2.4 Sequential vs. global characteristic comparisons

Recent works on video processing, focusing more on sequential and global characteristics to distinguish key frames from the extracted frames from a video. Every key frame is sequentially compared with every extracted frame until a frame which is very different from the key frame is obtained. This new frame is selected as the next key frame.

The characteristics of the sequential comparison algorithms include their simplicity, perception, low computational complexity. However, these algorithms are less utilised because of the extracted key frames represent only local specifications of the video rather than the global specifications.
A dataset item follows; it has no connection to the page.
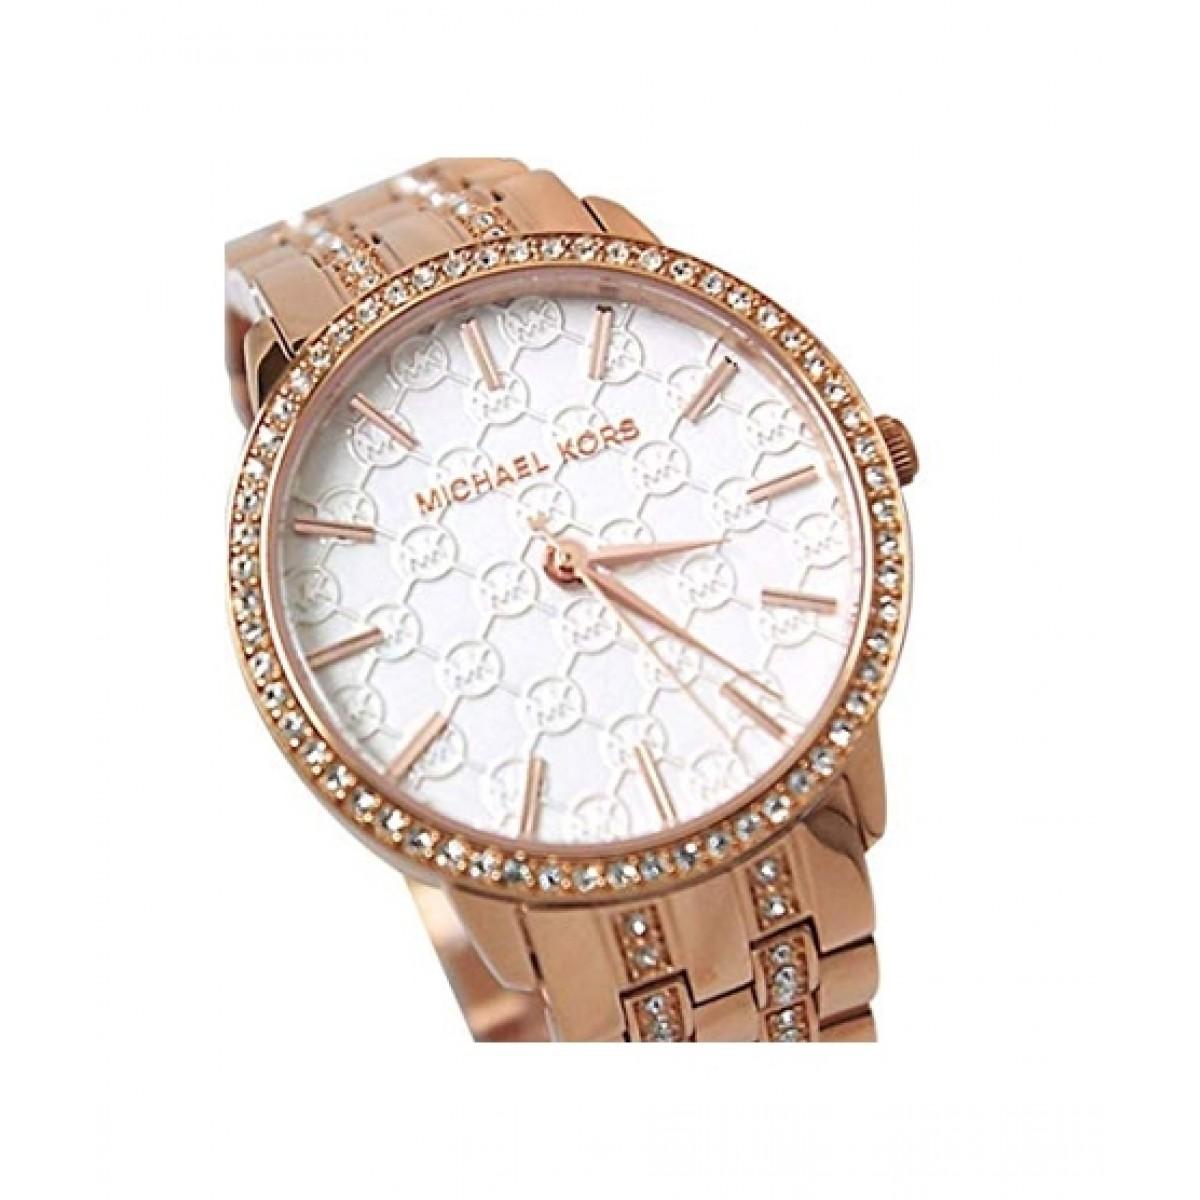 39980ce4e37f Michael Kors Women's Watch (MK3183) Price in Pakistan | Buy Michael Kors  Lady Nini Women's Watch Rose Gold (MK3183) | iShopping.pk
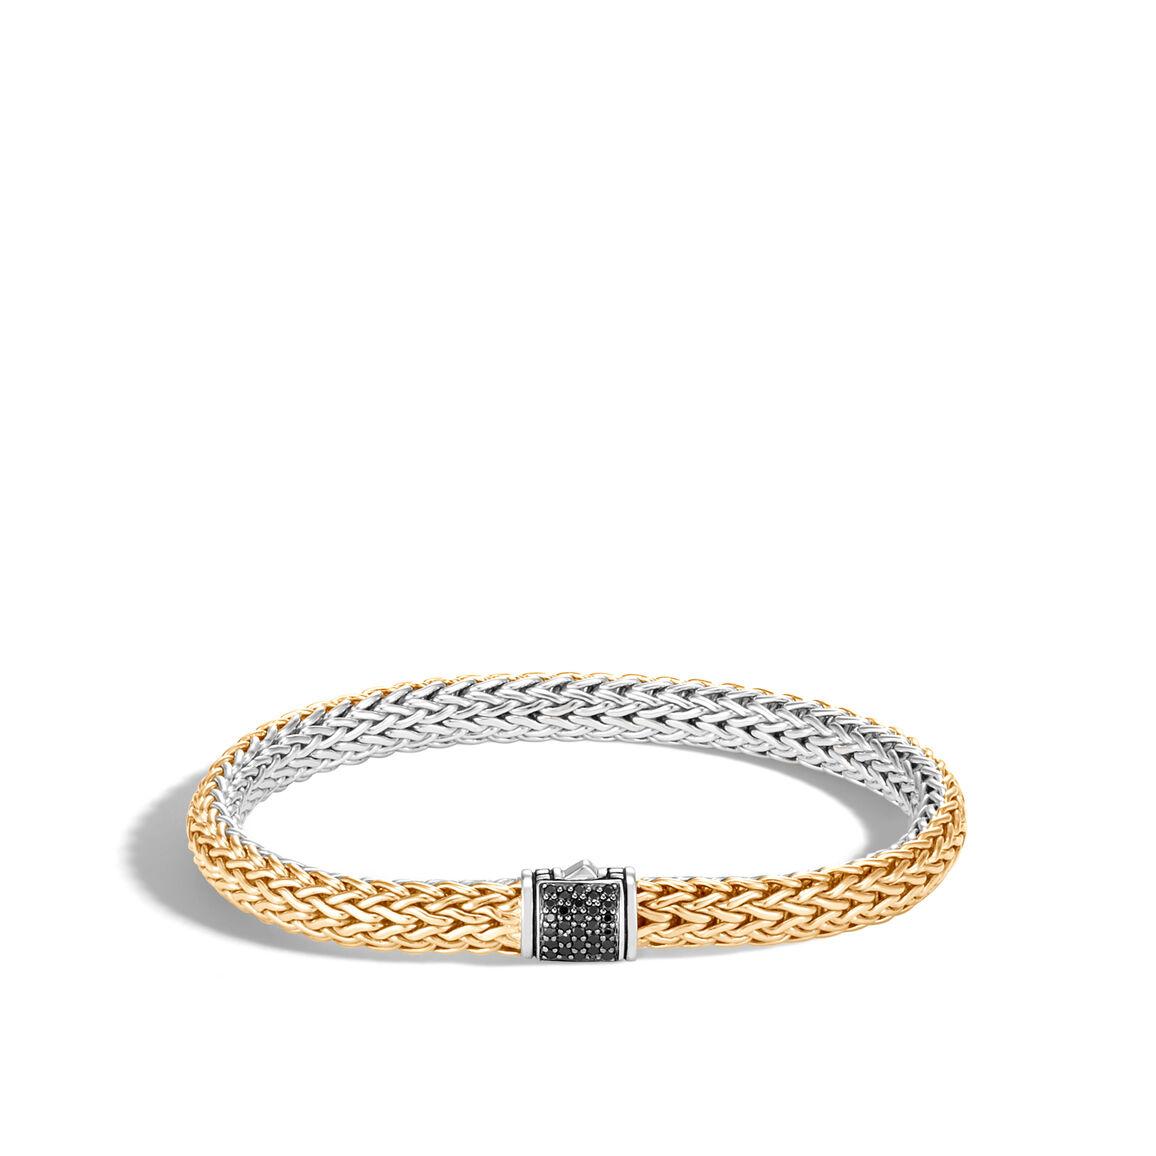 Classic Chain 6.5MM Reversible Bracelet, Silver, 18K, Gems

So, there is a huge chance of data replication.

Other side, some algorithms use global characteristics of a key frame by minimizing a predefined objective function based on the application.

The characteristics of the global comparison algorithms include temporal variance, coverage, and correlation and reconstruction error.

2.5 Temporal variance

Variance is an important parameter to be considered while extracting a key frame from each video segment. There should be an equal temporal variance exist between the each extracted key frame. The objective function can be selected as the sum of differences between temporal variances of all the segments. The temporal variance in a video can be approximated by the cumulative change of contents across consecutive frames in the segment or by the difference between the first and last frames in the segment.

2.6 Maximum coverage

Capturing objects in a motion video is a complex task. To confine that key frame extraction is a best of representation for object identification. There is no fixed limitation for extraction of key frames. Traditional algorithms minimize the number of key frames subject to a predefined reliability criterion. These algorithms extract key frames by maximizing their representation coverage, which is the number of frames that the key frames can represent.

2.7 Minimum correlation

Few algorithms minimize the sum of correlations between key frames, making key frames as uncorrelated with each other as possible. For instance, represent frames their correlations using a directed weighted graph. The shortest path in the graph is found and the vertices in the shortest path which corresponds to minimum correlation between frames entitle as the key frames.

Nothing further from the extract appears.